Une surconsommation de produits laitiers (fromage, yaourt, lait) réduit l’impact des antibiotiques. Le calcium présent dans les produits laitiers forme un complexe insoluble avec l’antibiotique, altérant ainsi son efficacité.

Réglisse et hypertension

Il est prouvé que la réglisse entraîne une hausse de la tension artérielle, en cas d’hypertension chronique, il est préférable de limiter la consommation de réglisse et de produits anisés.

Alcool

Les interactions entre la consommation d’alcool et les médicaments sont très fréquentes. On les retrouve notamment lors d’une prise d’anxiolytiques comme les benzodiazépines, d’analgésiques, de médicaments à base de codéine, de tramadol, de neuroleptiques, d’antidépresseurs… en outre, de tous les médicaments qui réduisent la vigilance.

Ces médicaments modifient l’état psychique et notamment la concentration, alors, lorsqu’ils interférent avec de l’alcool, les effets sont amplifiés notamment par une augmentation de la somnolence.

Outre la somnolence, d’autres modifications métaboliques comme une augmentation du rythme cardiaque, des palpitations, des sueurs, des angoisses, des nausées, des vomissements sont à notifier.

Combiner de l’alcool avec des anti inflammatoires non stéroïdiens peut causer des brûlures d’estomac et des reflux gastro œsophagiens.

Caféine

Les boissons à base de caféine ont un effet réducteur sur l’efficacité de médicaments comme les tranquillisants ou hypnotiques. De plus, la caféine peut impacter négativement sur certaines pathologies dont l’asthme. Dans le cadre du traitement contre l’asthme, un bronchodilatateur de type théophylline est administré afin d’ouvrir les voies aériennes. La caféine présente dans le café est semblable à la théophylline, ainsi une prise combinée de café et d’antiasthmatique peut amplifier les effets secondaires liés au traitement.

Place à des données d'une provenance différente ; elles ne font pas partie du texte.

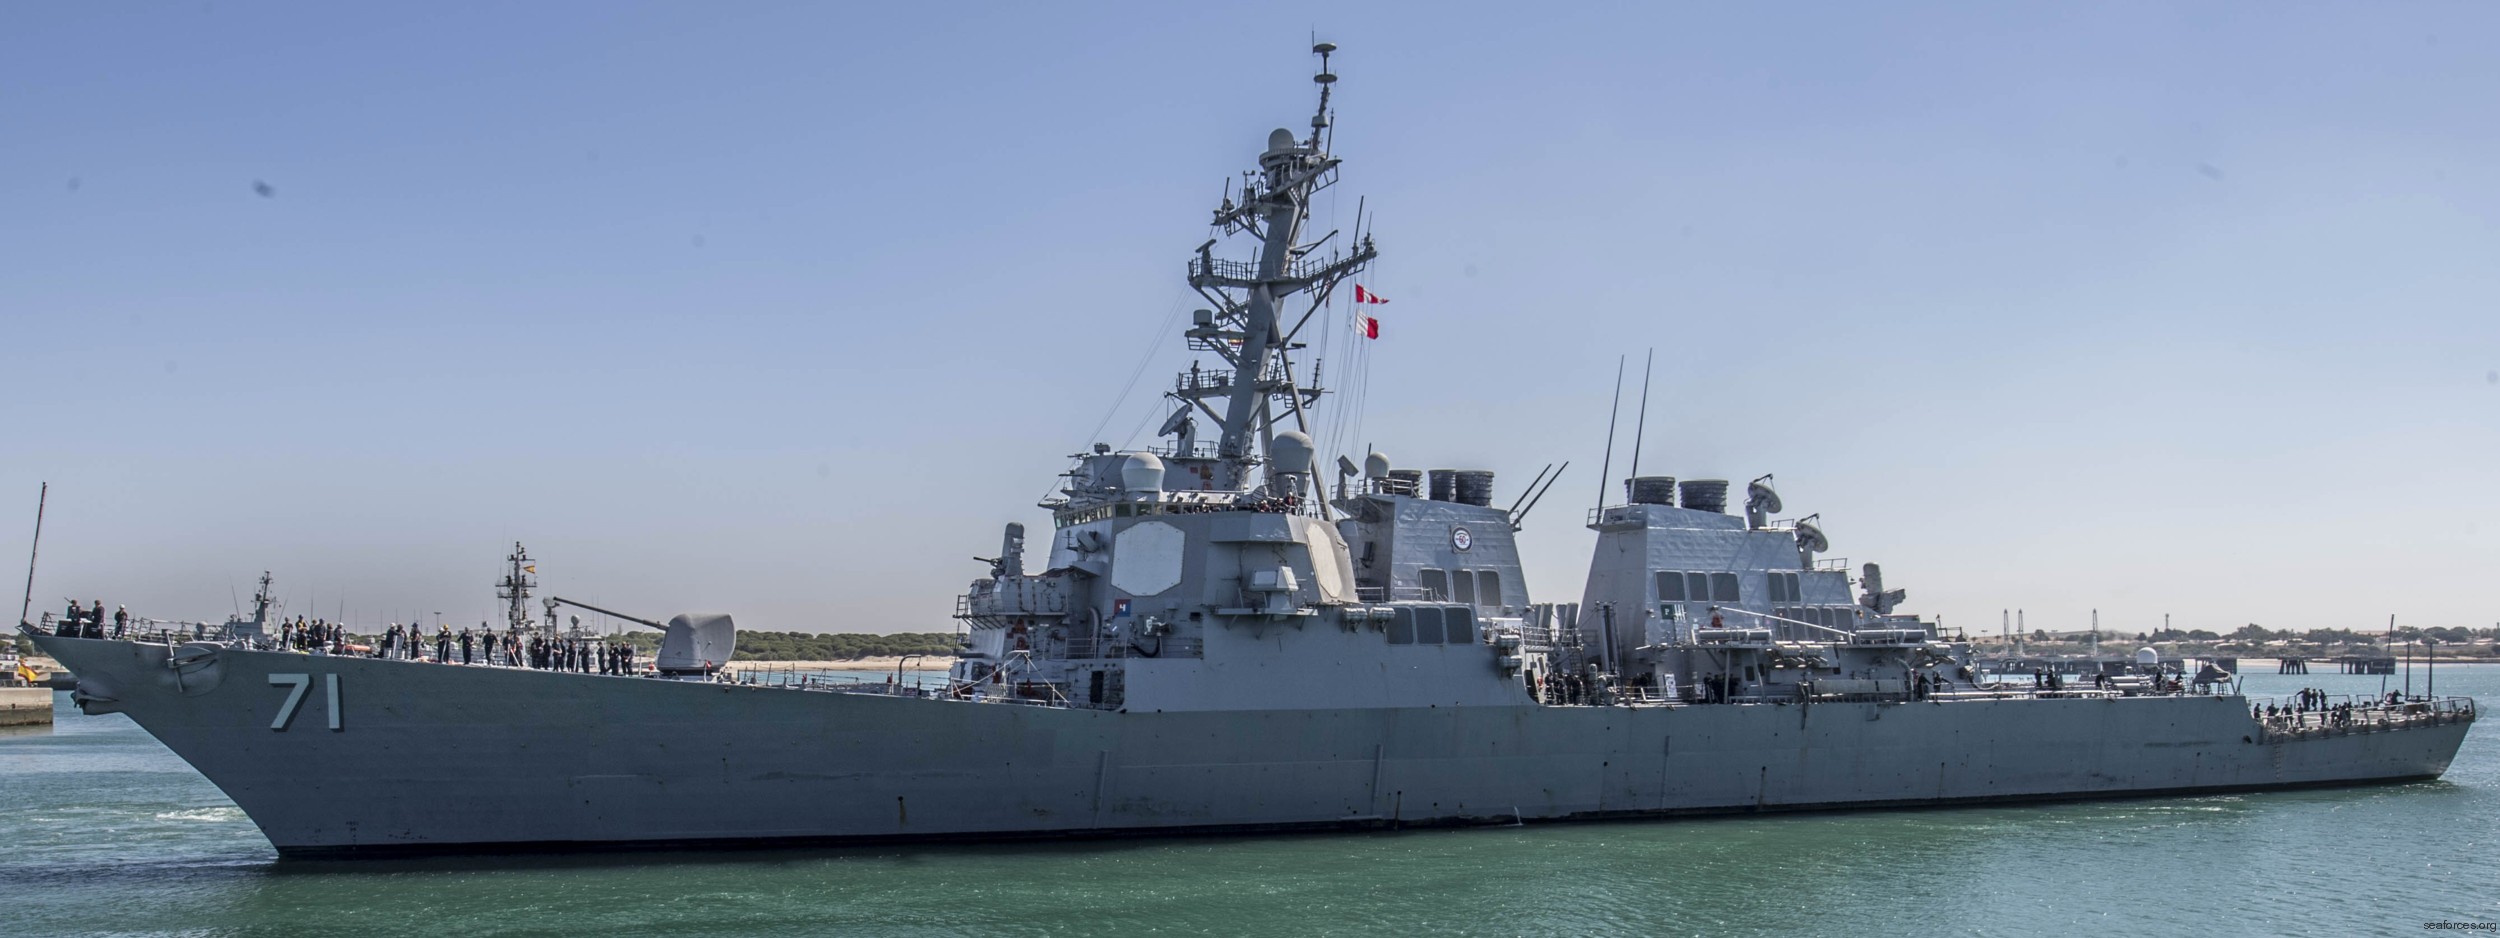 ddg-71 uss ross guided missile destroyer arleigh burke class aegis bmd 07 naval station rota spain

Thé et supplémentation en fer

Le thé est connu pour réduire l’assimilation du fer dans notre organisme. De ce fait, en cas de supplémentation en fer, il est préférable de ne pas consommer de thé dans les deux heures suivantes. Les tanins, présent dans le fer, réduisent de 70% l’absorption du fer.

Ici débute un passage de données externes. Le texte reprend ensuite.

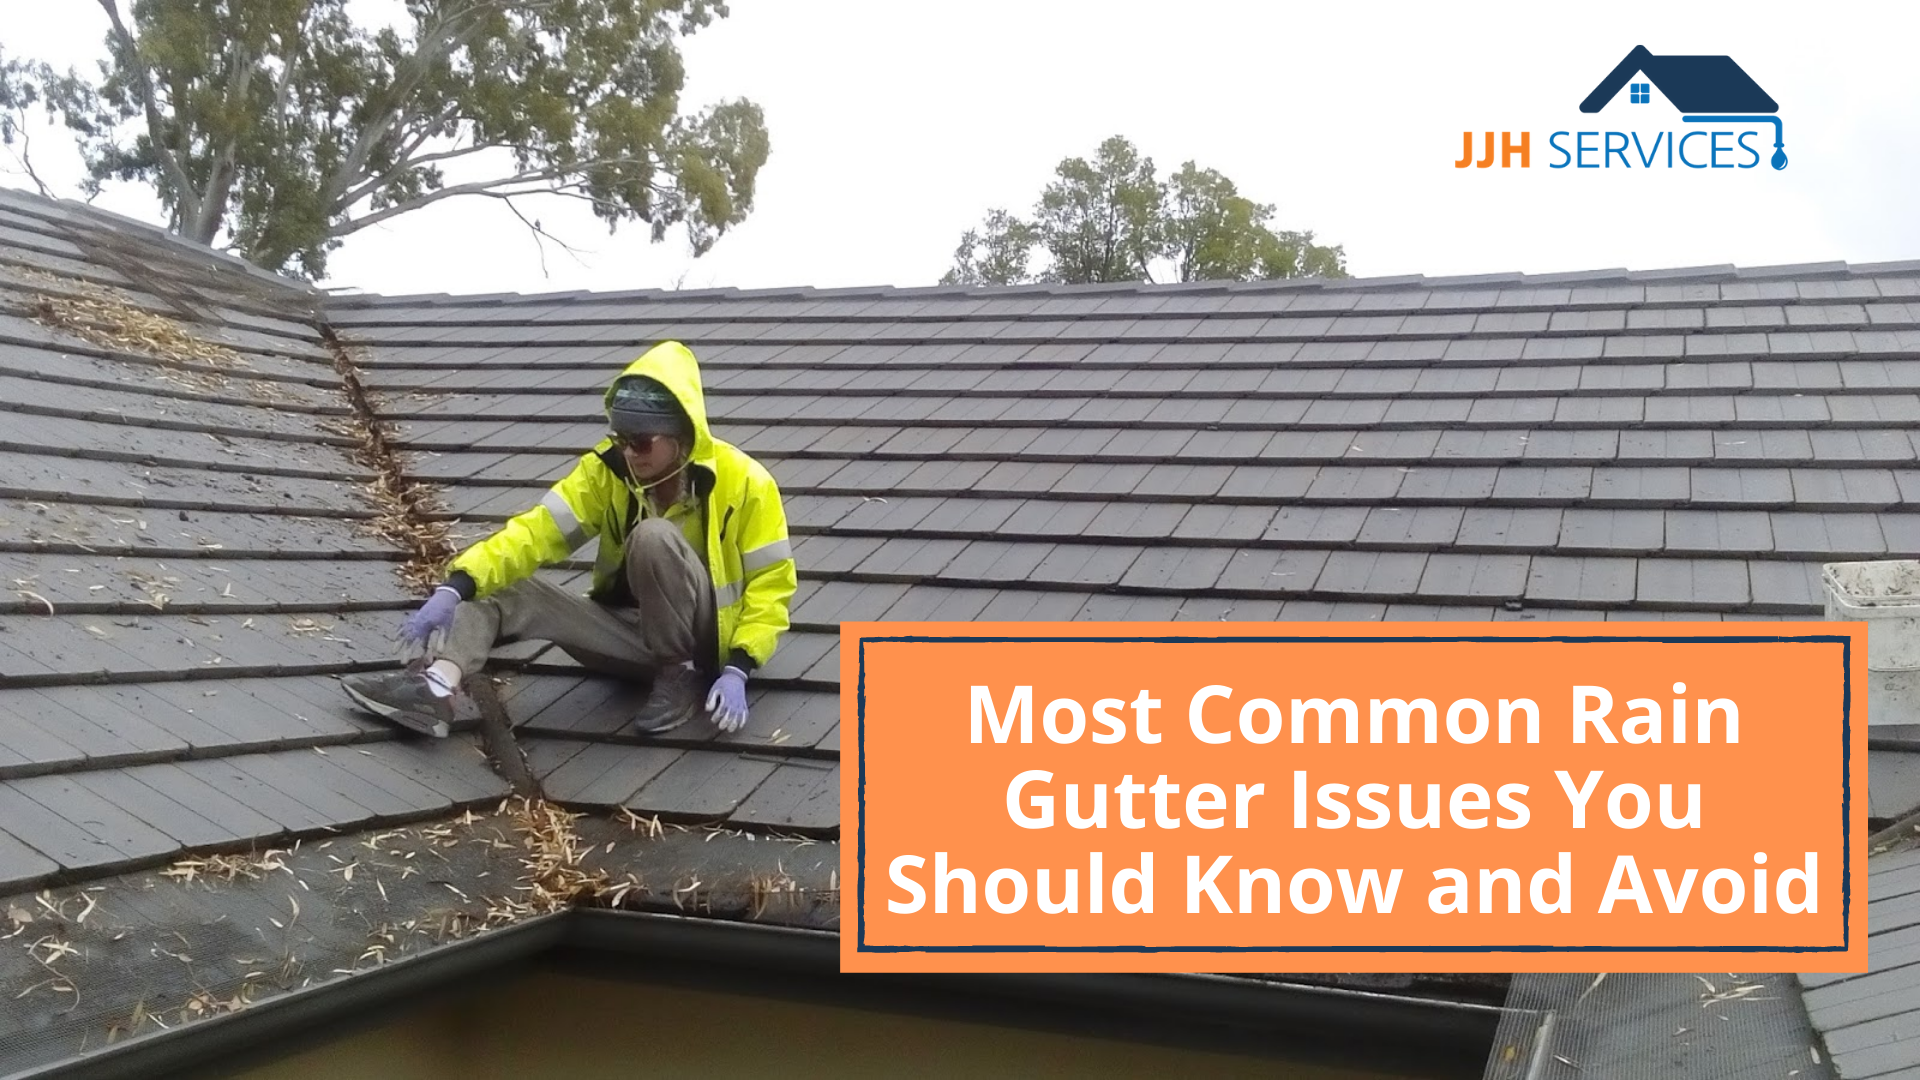 Most Common Rain Gutter Issues You Should Know and Avoid

D’une manière générale, il est préférable systématiquement de discuter des différents effets et interactions des médicaments avec un professionnel de santé afin de palier tous risques. Des interactions entre médicaments peuvent également être un danger pour la santé du patient. Dans le cadre d’une prise de poids iatrogène, l’accompagnement par des professionnels de santé semble importante.